--- Exercise data Enclosed Below ---

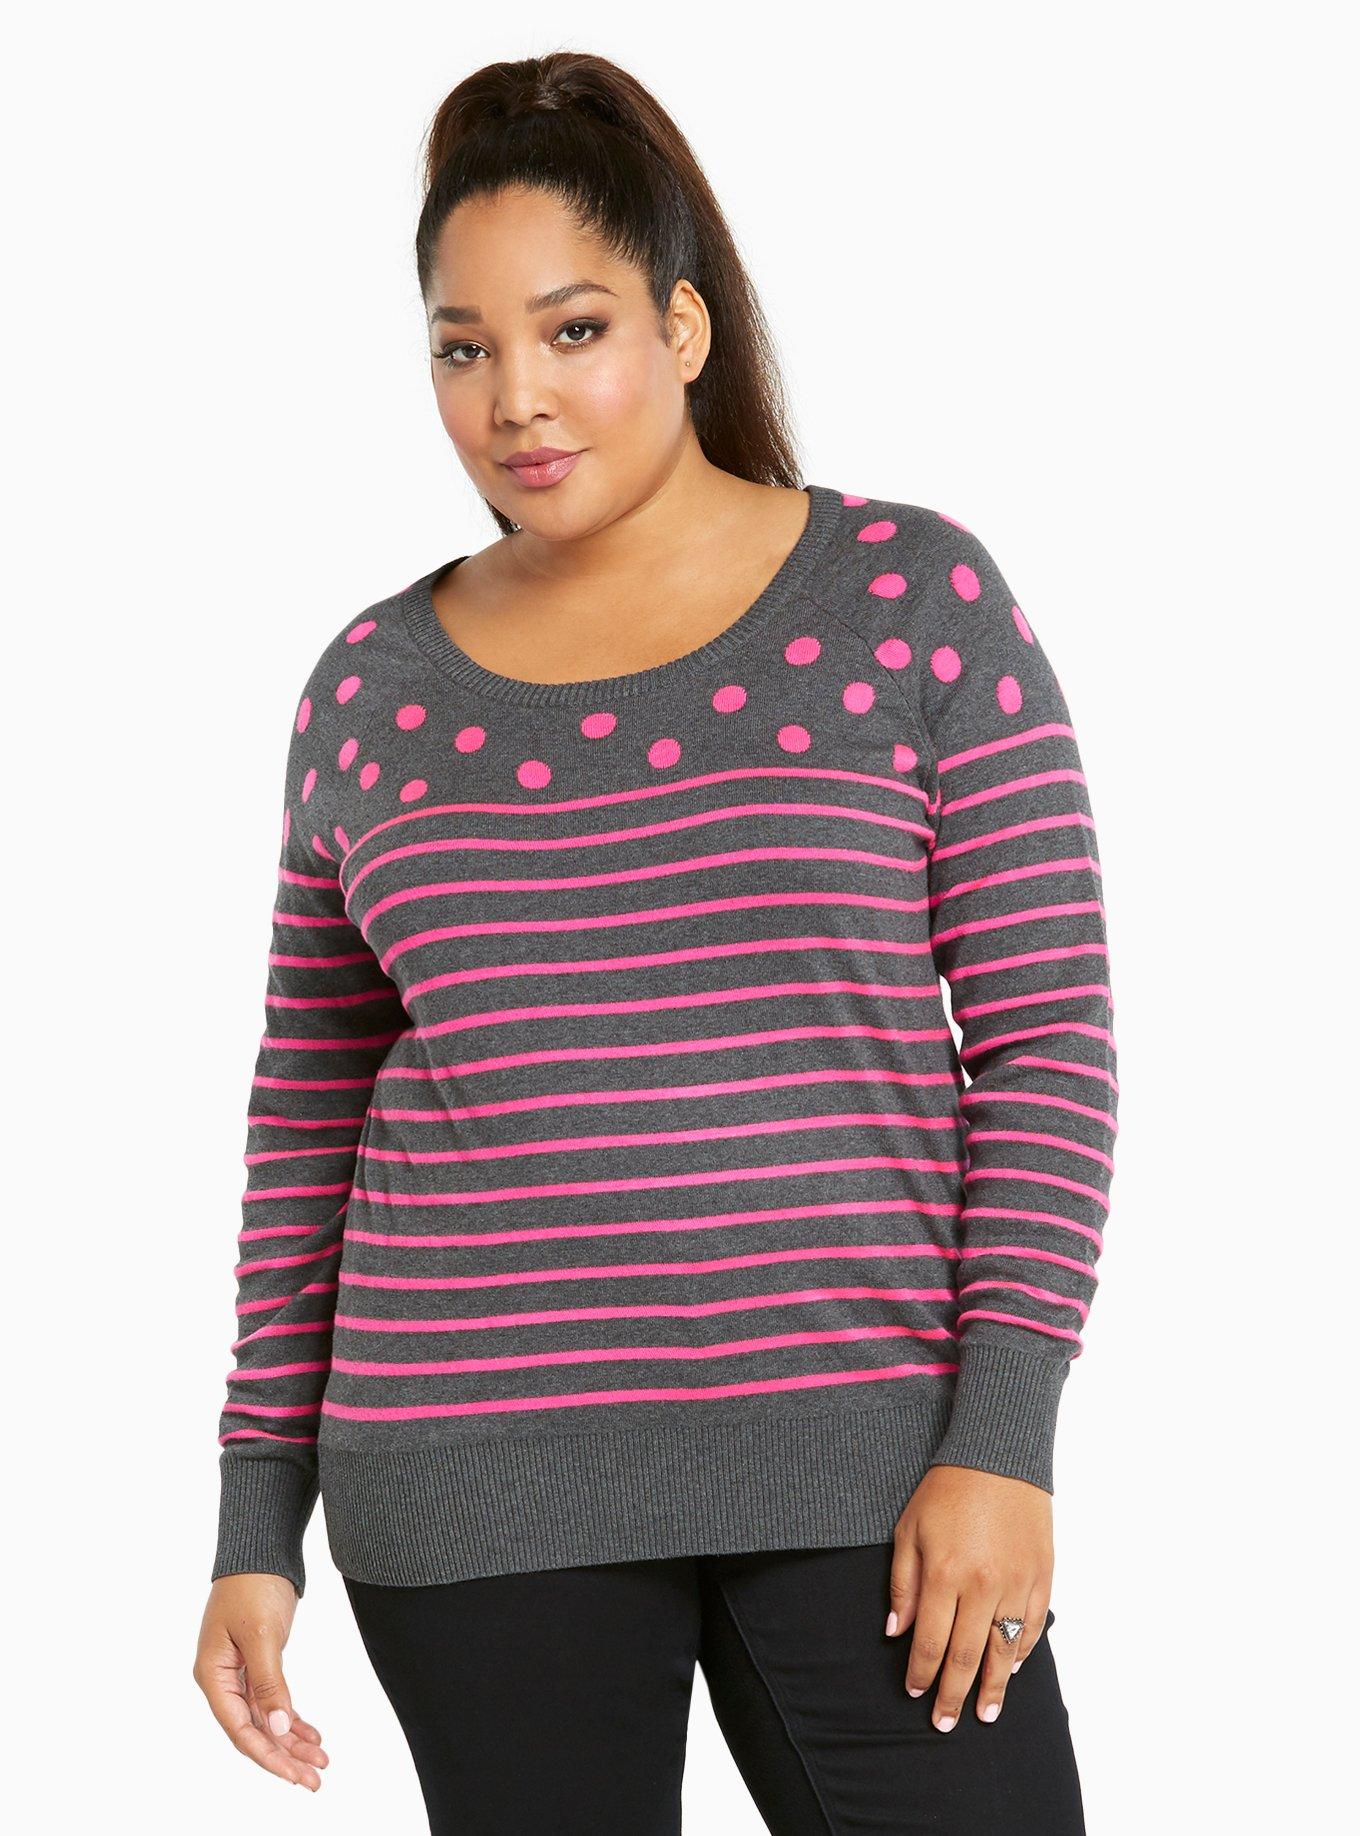 Plus Size - Polka Dot Striped Sweater - Torrid
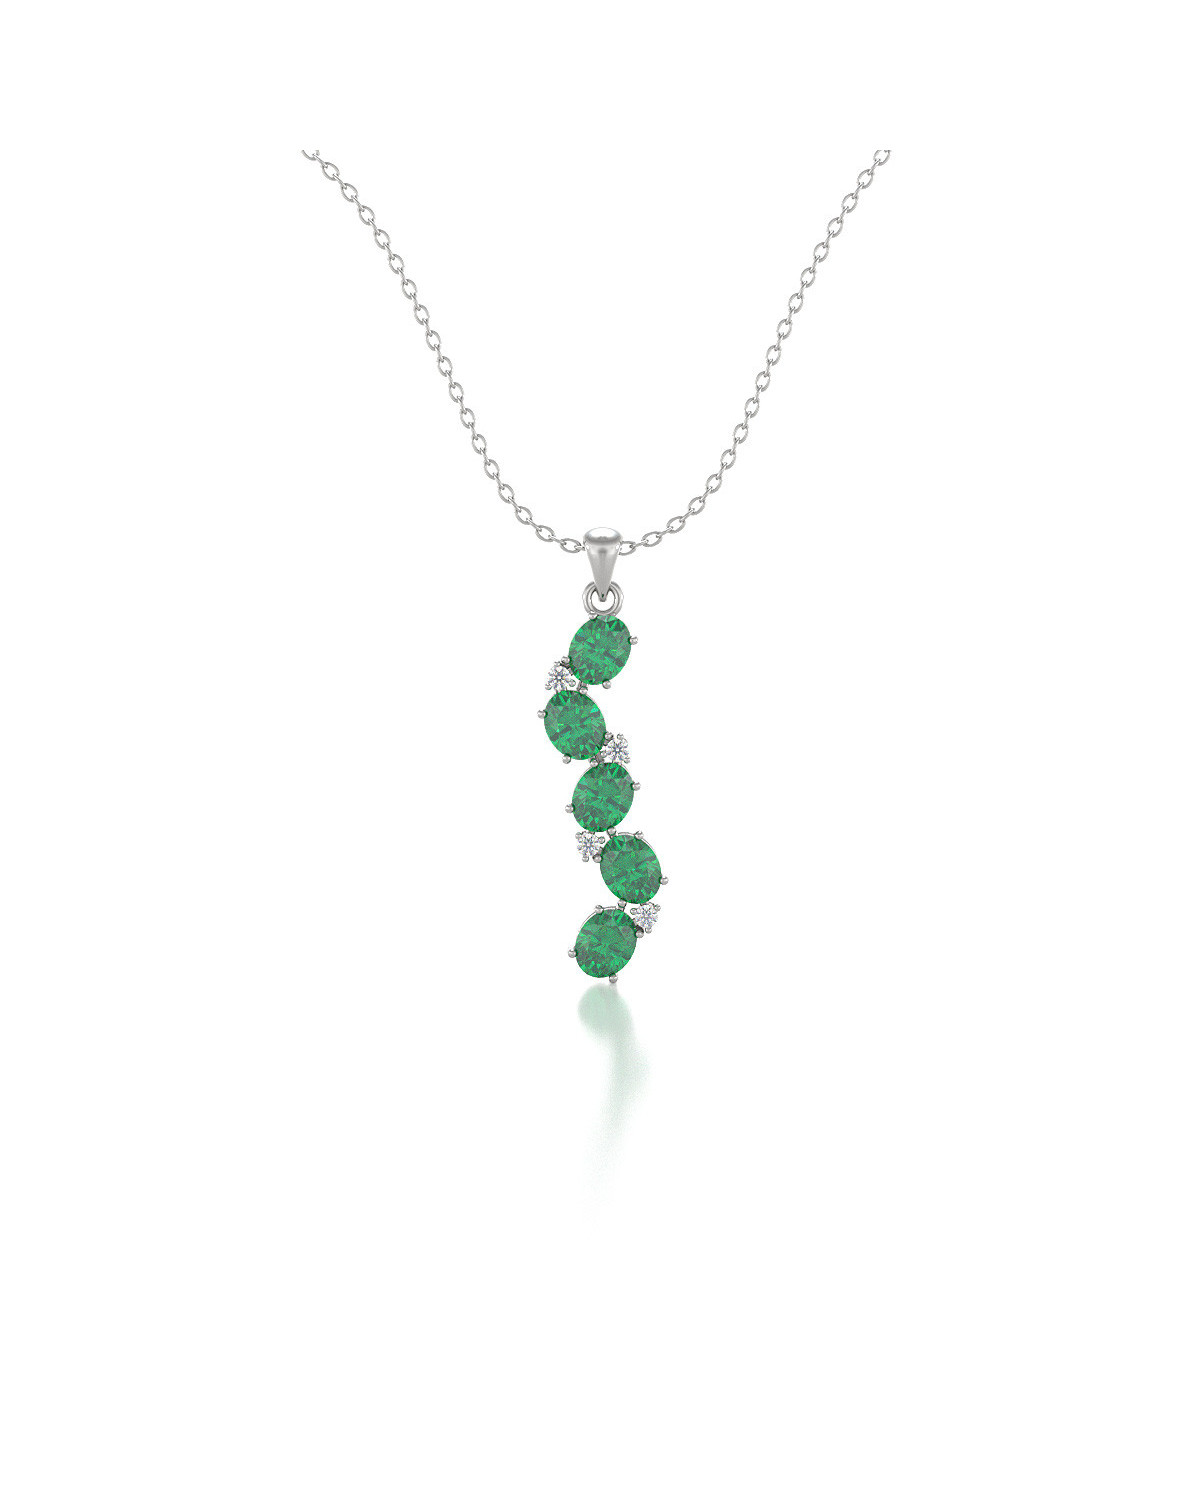 925 Silver Emerald Diamonds Necklace Pendant Chain included ADEN - 1
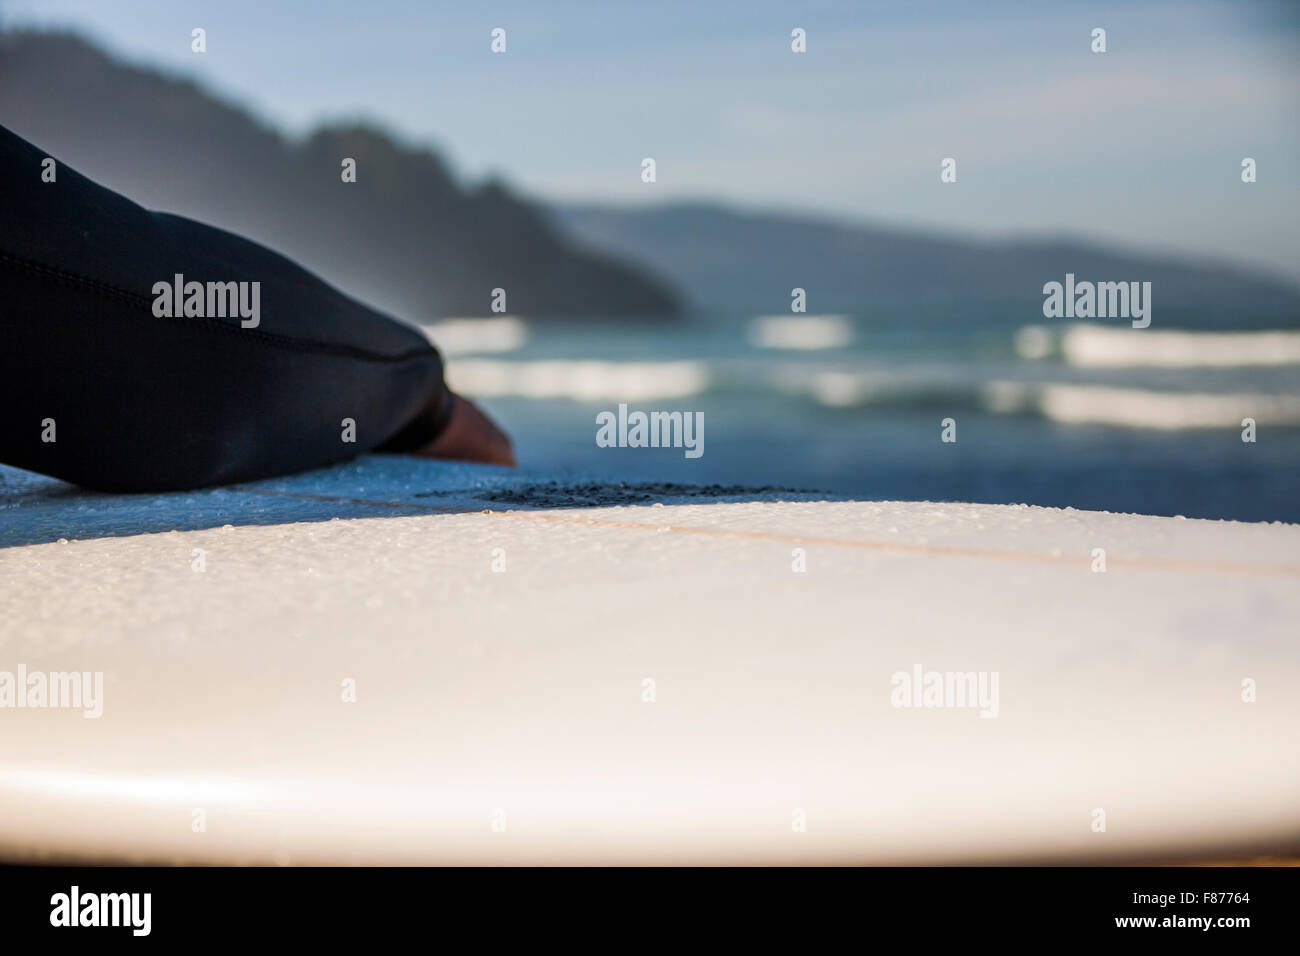 Surfer am Strand mit seinem Brett sitzen Stockfoto

--- End of Enclosed Exercise data ---

Every line from the one with "925 Silver Emerald" through the last line of the listing above must be written out exactly, and no picture may appear.

* _Solution for this task_
 925 Silver Emerald Diamonds Necklace Pendant Chain included ADEN - 1
 Surfer am Strand mit seinem Brett sitzen Stockfoto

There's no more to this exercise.